Charles Earl Bowles ventured West as a young man in search of Fortune. He began mining the North Fork of the American River, but like so many others he turned to crime and committed almost 30 stagecoach robberies in under five years.

All of his work and travel was done on foot, as he feared horses, and he was reported to have massive callouses on his feet. Known as the gentleman bandit, he never once fired a shot and never swore unless it was in his poetry, which he would recite during his robberies.

Despite his nonviolent reputation, Wells Fargo quickly grew tired of the lost funds and hired Sheriff James Hume. Shortly after, during one of Black Bart's attempted robberies he was shot at in self-defense and was forced to flee. Sheriff Hume searched the area after the attempted robbery and found a cache of rations and goods, which he correctly assumed to be Bart's. Among the rations was a bloody handkerchief with the laundry mark "F.X.0.7."

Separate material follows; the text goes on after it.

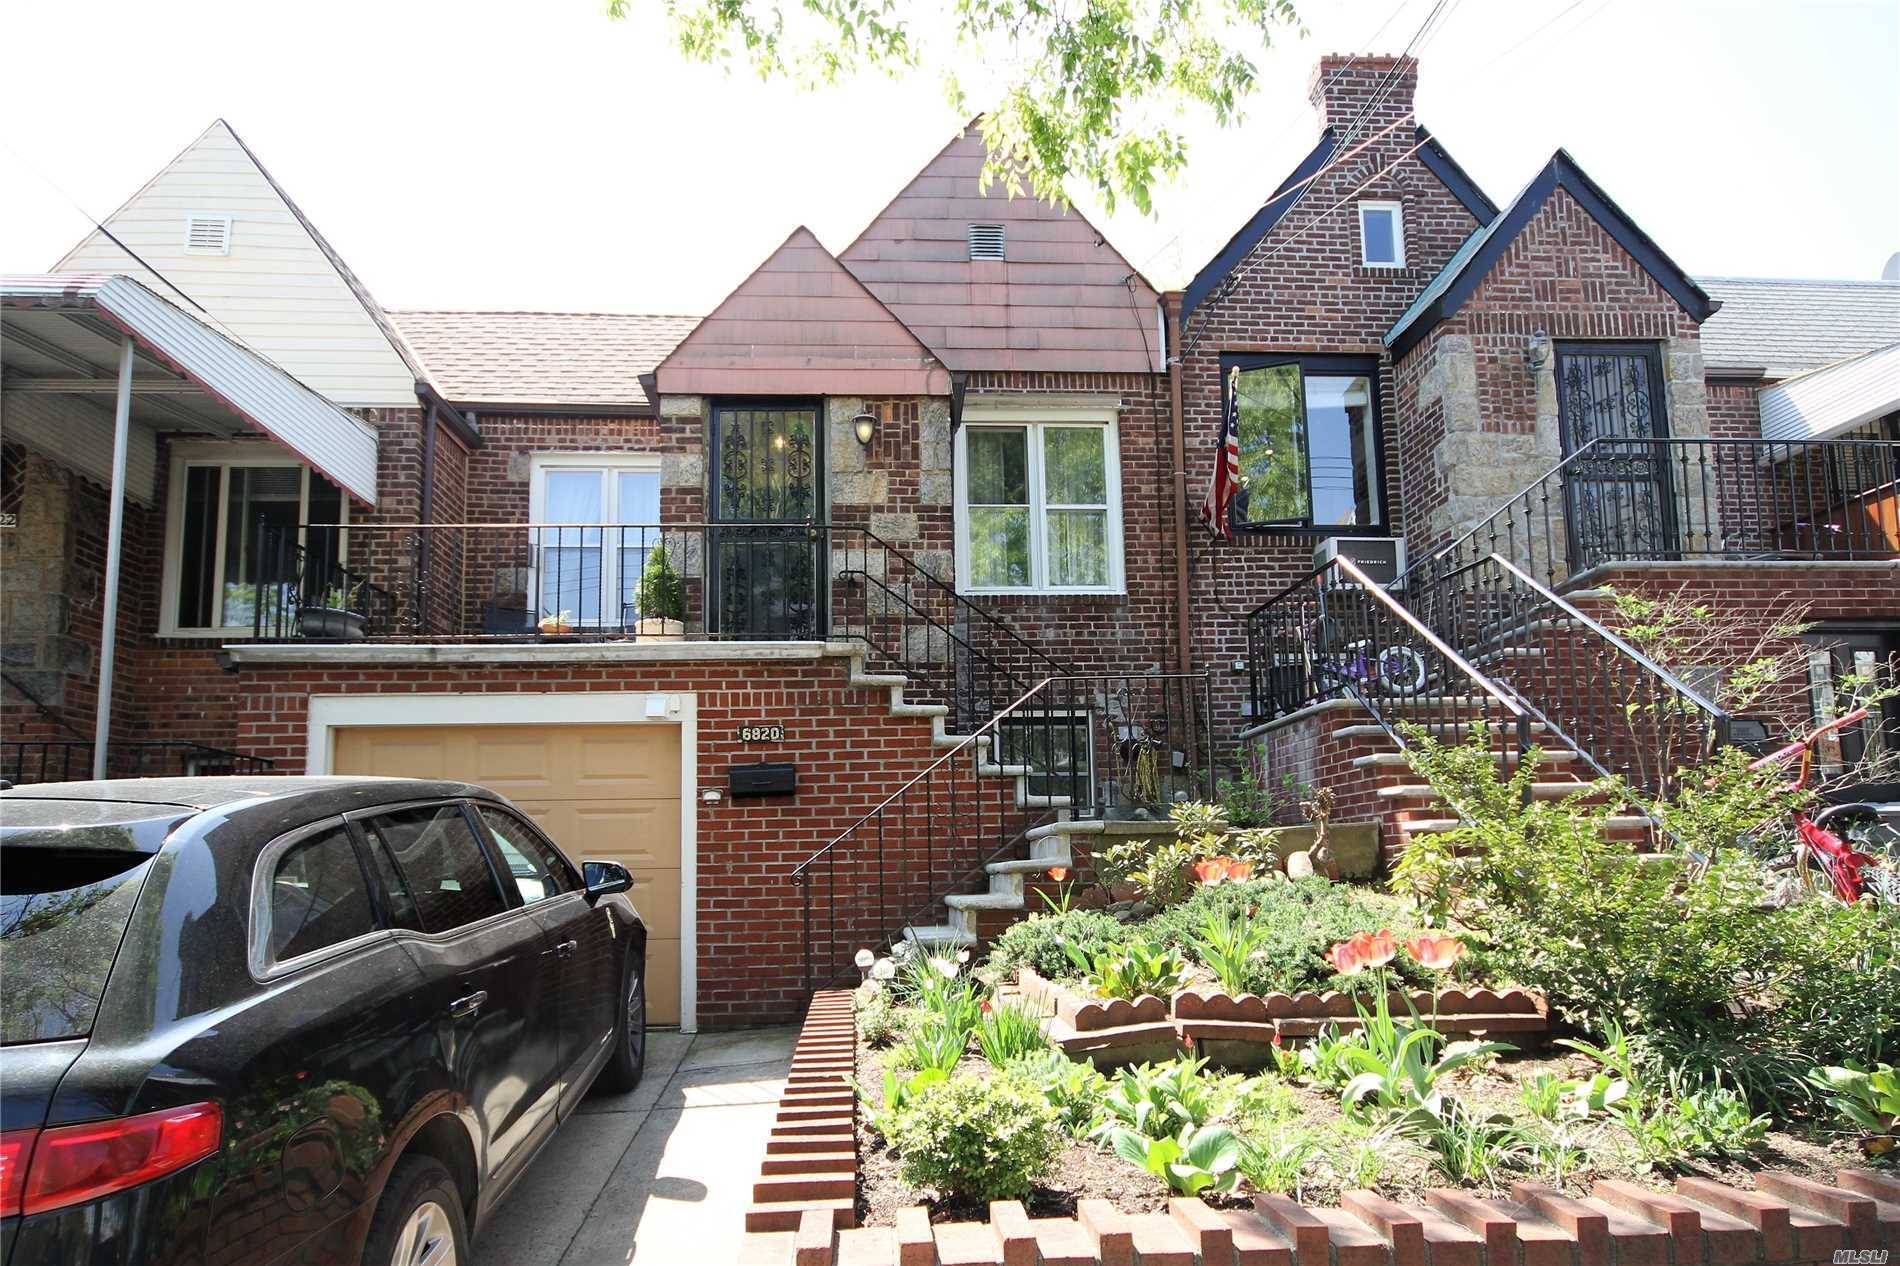 Maspeth, brick attached, 2 bedroom ranch with 1 car attached garage and private driveway.

Hume, with assistance, spent the next week visiting nearly every laundry in the nearby Bay Area at the time until one proprietor identified the mark as belonging to a man calling himself C.E. Bolton in a nearby hotel. The man was Charles E. Bowles, better known by now as Black Bart, and his arrest was at hand.

On November 19th Black Bart, accompanied by James B. Hume, had his last free meal at a nearby upscale restaurant with the very man who captured him before being taken to San Quentin Prison the following morning. He was convicted to six, but serving largely as prison librarian he was able to leave after four years on good behavior. San Quentin was enough for this man, and it is believed he never robbed again.